Bloom Filters

1.  Bloom Filters: Supported Operations

     Fast Inserts and Lookups.

 

2.  Comparison to Hash Tables:

     Pros: more space efficient.

     Cons:

    1) can’t store an associated object

    2) No deletions

    3) Small false positive probability (i.e., might say x has been inserted even though it hasn’t been)

 

 

3.  Applications :

    Original: early spellcheckers. (insert valid words into BF)

    Canonical: list of forbidden passwords

    Modern: network routers - Limited memory, need to be super-fast

 

4.  Bloom Filter Implementation

    Ingredients: 1) array of n bits ( So n/|S| = # of bits per object in data set S)

 

                        2) k hash functions h1,…..,hk (k = small constant)

     Insert(x): for i = 1,2,…,k 

                       set A[h (x)]=1 (whether or not bit already set to 1)

     Lookup(x): return true if A[hi(x)] = 1 for every I = 1,2,….,k.

     Note: no false negatives. (if x was inserted, Lookup (x) guaranteed to succeed)

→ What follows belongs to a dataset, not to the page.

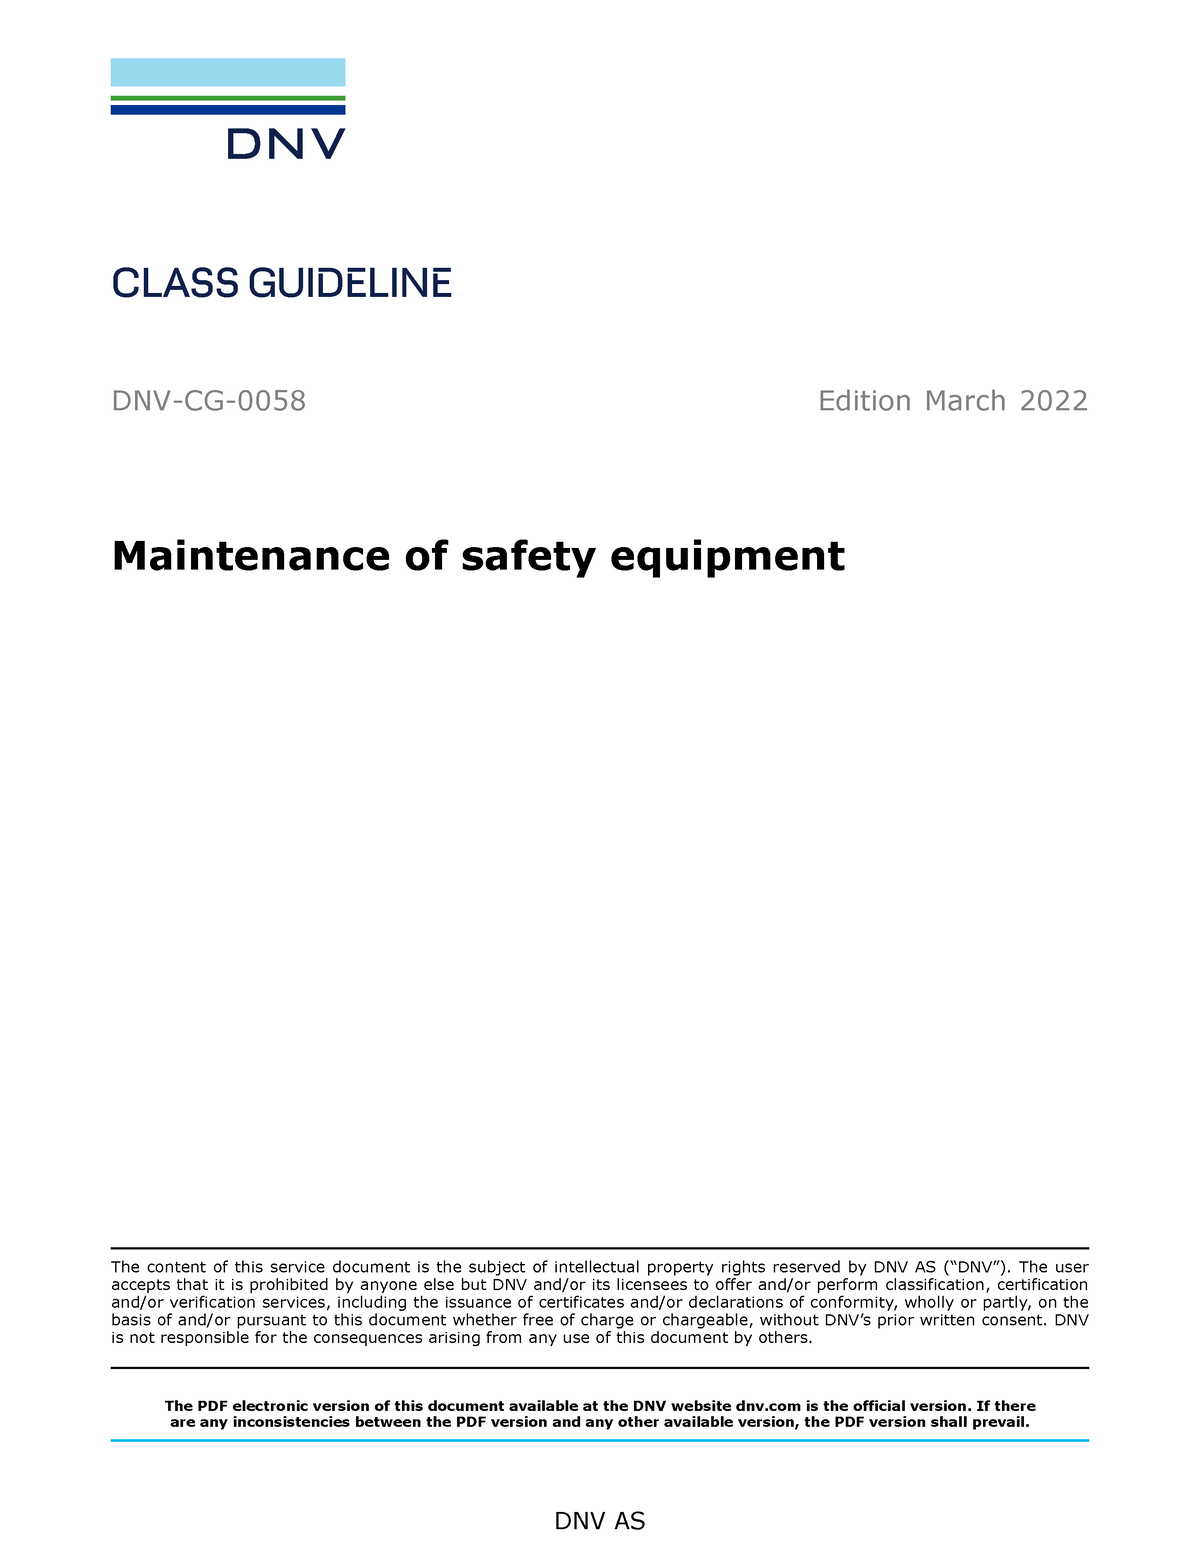 [DNV] Class Guideline Maintenance of Safety Equipment (2022) CLASS

               But false positive if all k hi(x)’s already set to 1 by other insertions.

 

5.  Heuristic Analysis

     Intuition: should be a trade-off between space and error (false positive) probability.

     Assume: all hi(x)’s uniformly random and independent (across different i’s and x’s).

     Setup: n bits, insert data set S into bloom filter.

     Note: for each bit of A, the probability it’s been set to 1 is (under above assumption):

       1- (1- 1/n) ^ (|S|k) <= 1- e^ (-|S|k/n) = 1- e^(-k/b),  b is the number of bits used per object

       So under assumption, for x not in S, false positive probability is <=(1- e^(-k/b)) ^ k

        For fixed b, error rate is minimized by setting k to about (ln2)b 

        So the min error rate is about 1/2 ^((ln2) b) or b is about 1.44 log2 (1/min error rate)

     Example: with b = 8, choose k = 5 or 6 , error probability only approximately 2%.